Wale kaufen weiterhin
Der Verkaufsdruck nimmt jedoch nicht einseitig zu. Daten zeigen, dass sogenannte Whale-Adressen in den letzten 17 Tagen insgesamt rund 30.000 BTC hinzugekauft haben. Diese Nachfrage dürfte geholfen haben, den Bitcoin-Kurs trotz Verkaufsdruck von Minern und ETFs oberhalb von 60.000 US-Dollar zu halten.
Allerdings steigen auch die Salden auf den Börsen wieder an. In den vergangenen 10 Tagen ist die Menge der auf Börsen gehaltenen Bitcoin um etwa 24.700 BTC gestiegen. Sollten diese Bestände demnächst verkauft werden, läge das potenzielle Verkaufspotenzial nach Schätzung des Artikels bei rund 1,59 Milliarden US-Dollar.

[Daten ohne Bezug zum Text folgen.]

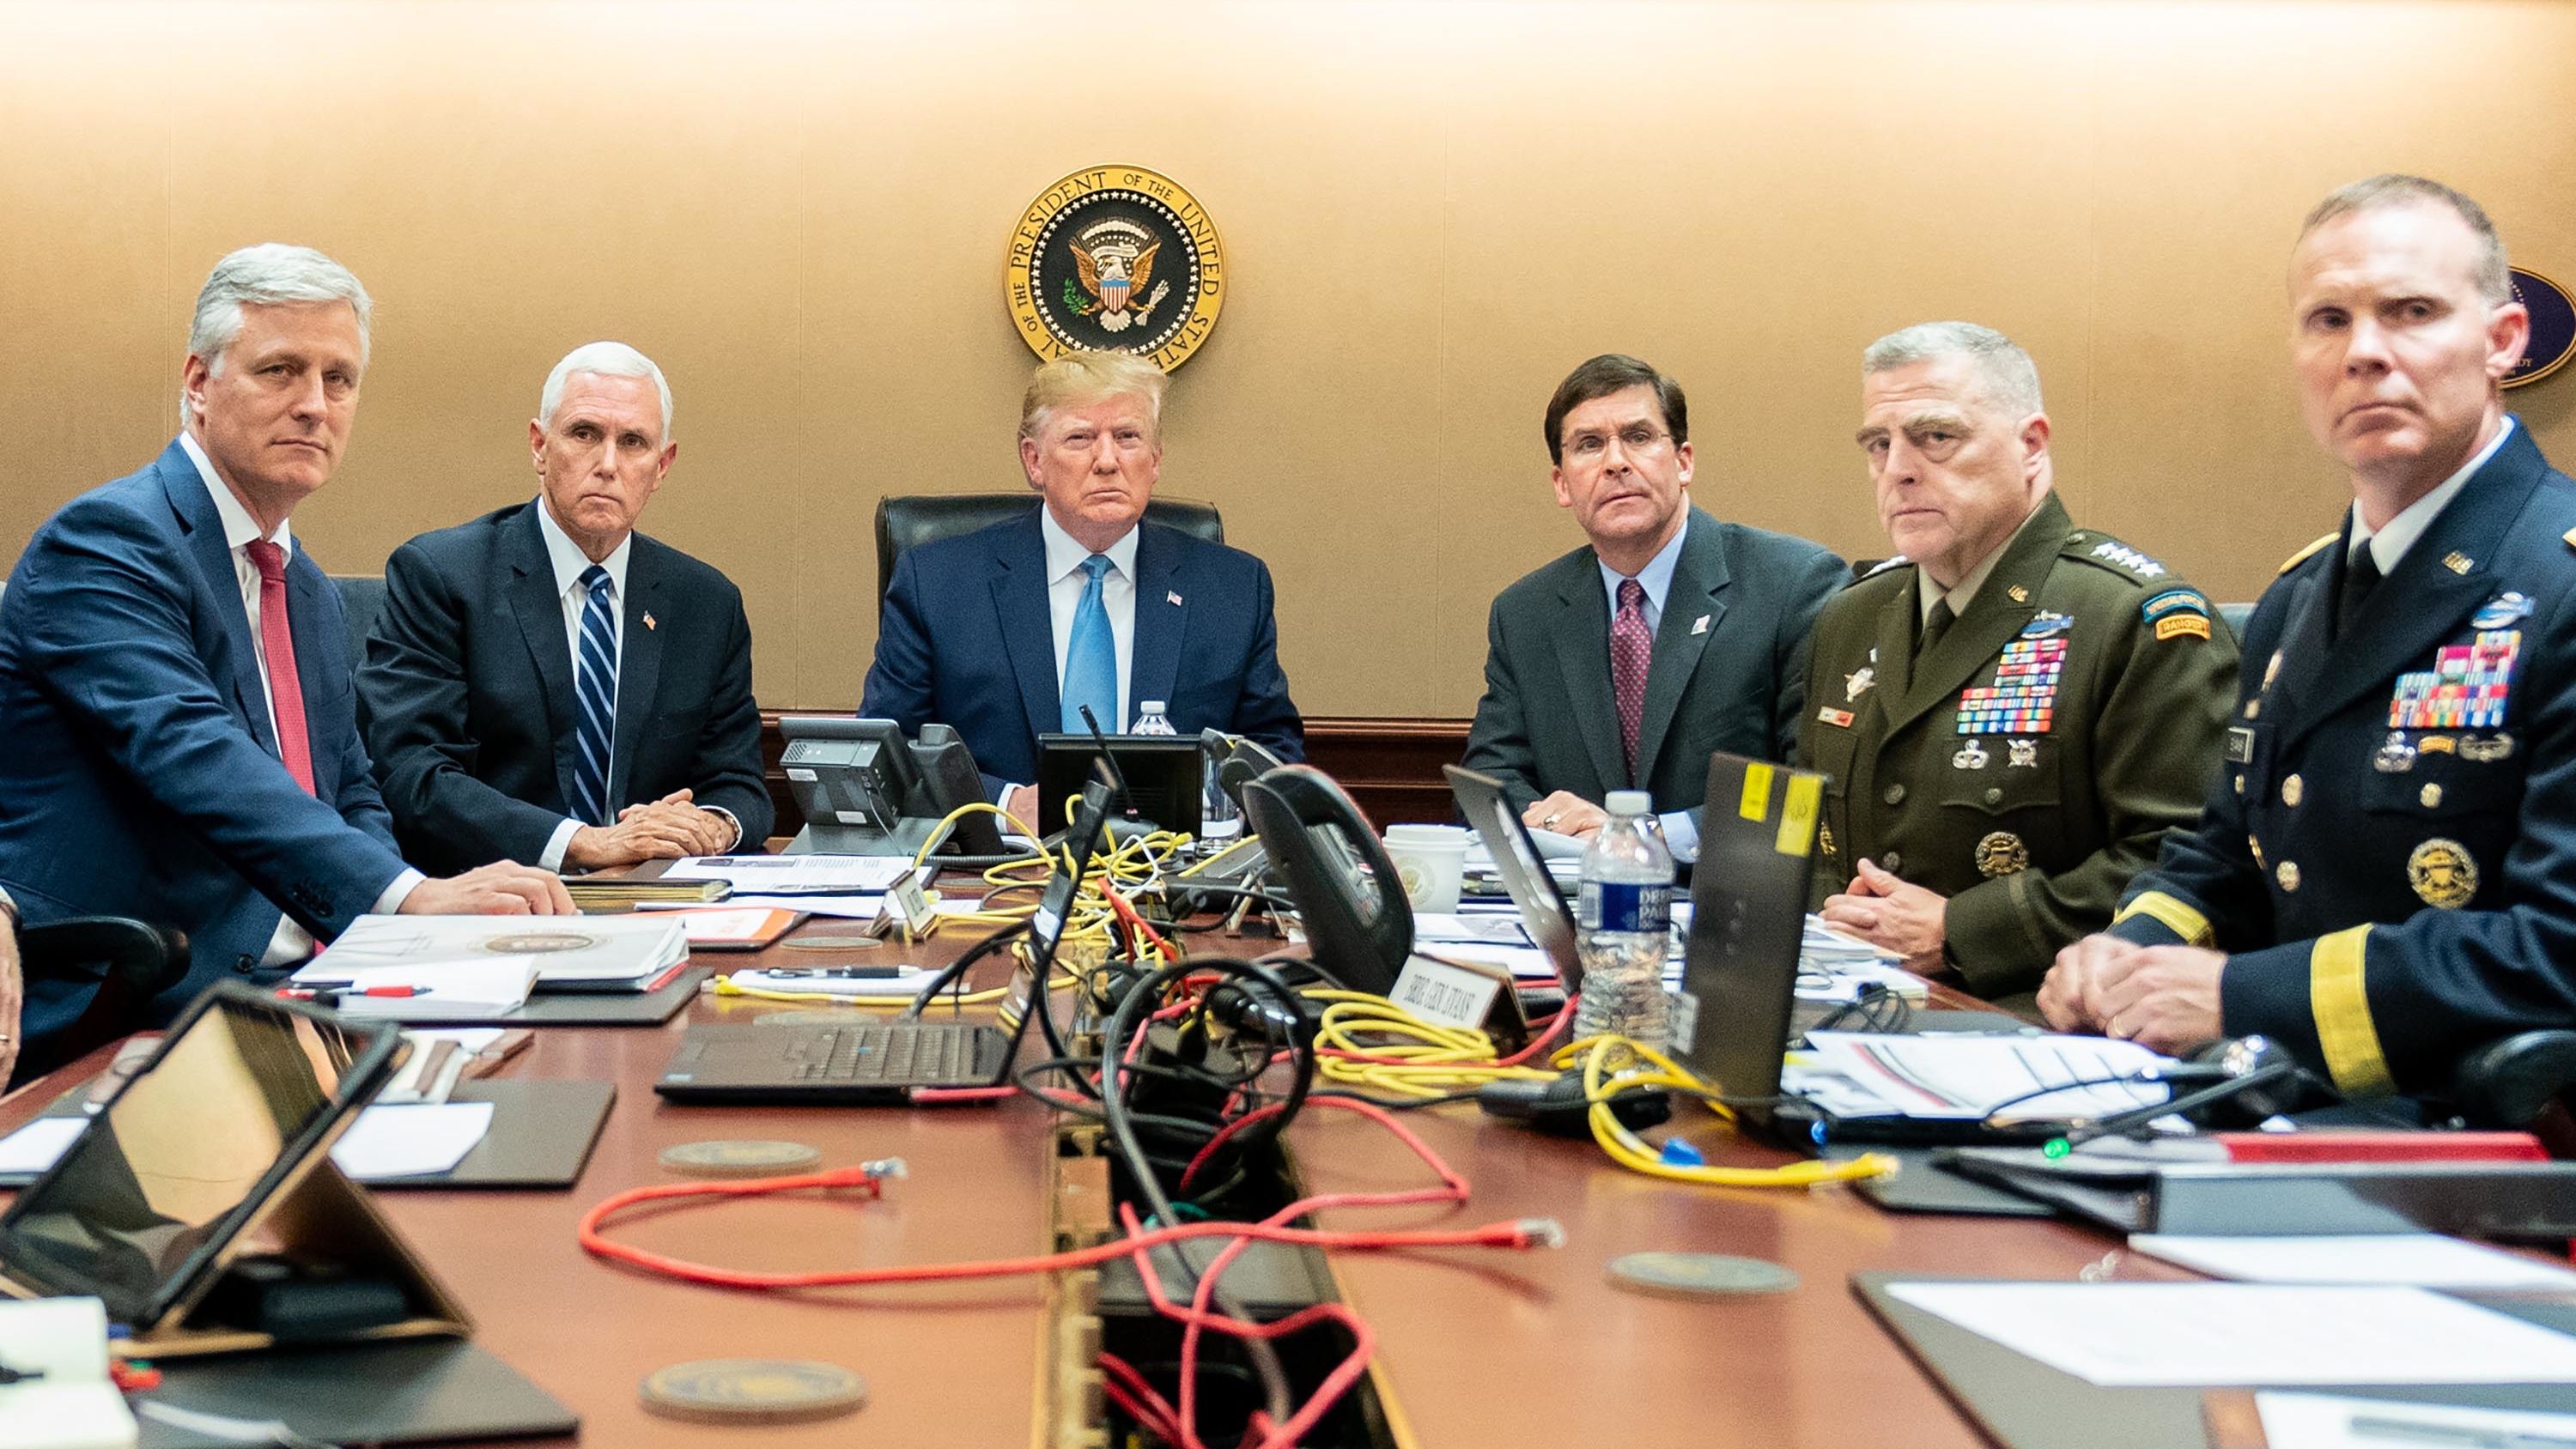 In this photo released by the White House, President Trump sits in the White House Situation Room, monitoring developments in the October 2019 military raid that killed ISIS leader Abu Bakr al-Baghdadi in northwest Syria. From left are national security adviser Robert O'Brien; Pence; Trump; Defense Secretary Mark Esper; Gen. Mark Milley, the chairman of the Joint Chiefs of Staff; and Brig. Gen. Marcus Evans, the deputy director for special operations on the Joint Staff.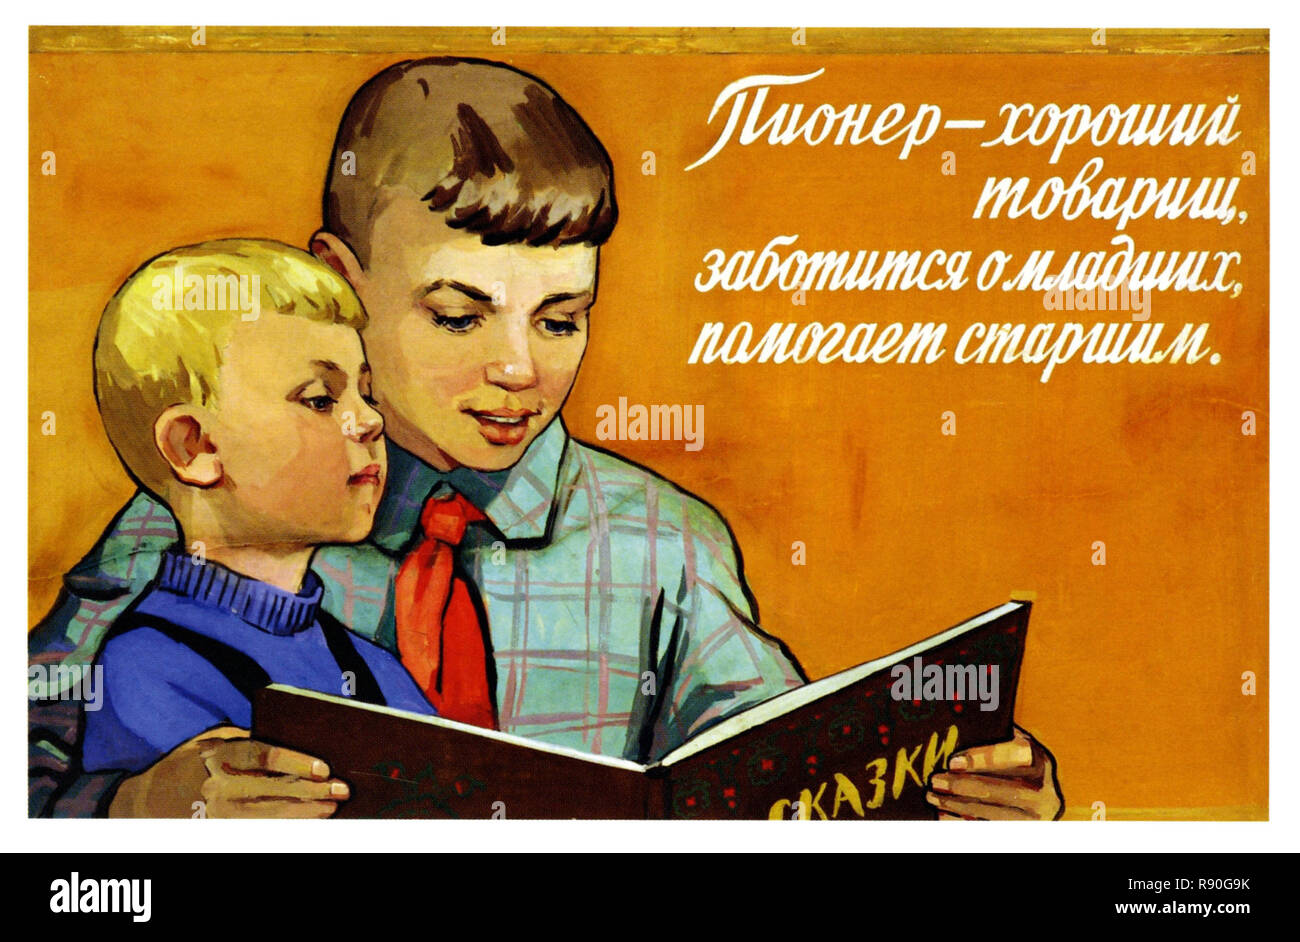 A Pioneer Is A Good Friend He Takes Care Of Youngsters And Helps Grownups - Vintage U.S.S.R Communist Propaganda Poster Stock Photo

61.800 bis 63.100 US-Dollar als Schlüsselbereich
Preislich fiel Bitcoin zwischenzeitlich bis auf etwa 62.690 US-Dollar, bevor eine Erholung auf 64.187 US-Dollar folgte. Laut dem von Analyst Ali Martinez zitierten Bericht ist der Bereich zwischen 61.849 und 63.111 US-Dollar derzeit eine wichtige Unterstützungszone.
Bleibt der Preis in diesem Bereich, könnten Käufer Bitcoin erneut in Richtung 64.500 bis 64.700 US-Dollar treiben. Sollte die Marke von 61.849 US-Dollar unterschritten werden und der Verkaufsdruck weiter zunehmen, liegt die nächste bedeutende Unterstützungszone vermutlich in der Nähe von 54.276 US-Dollar.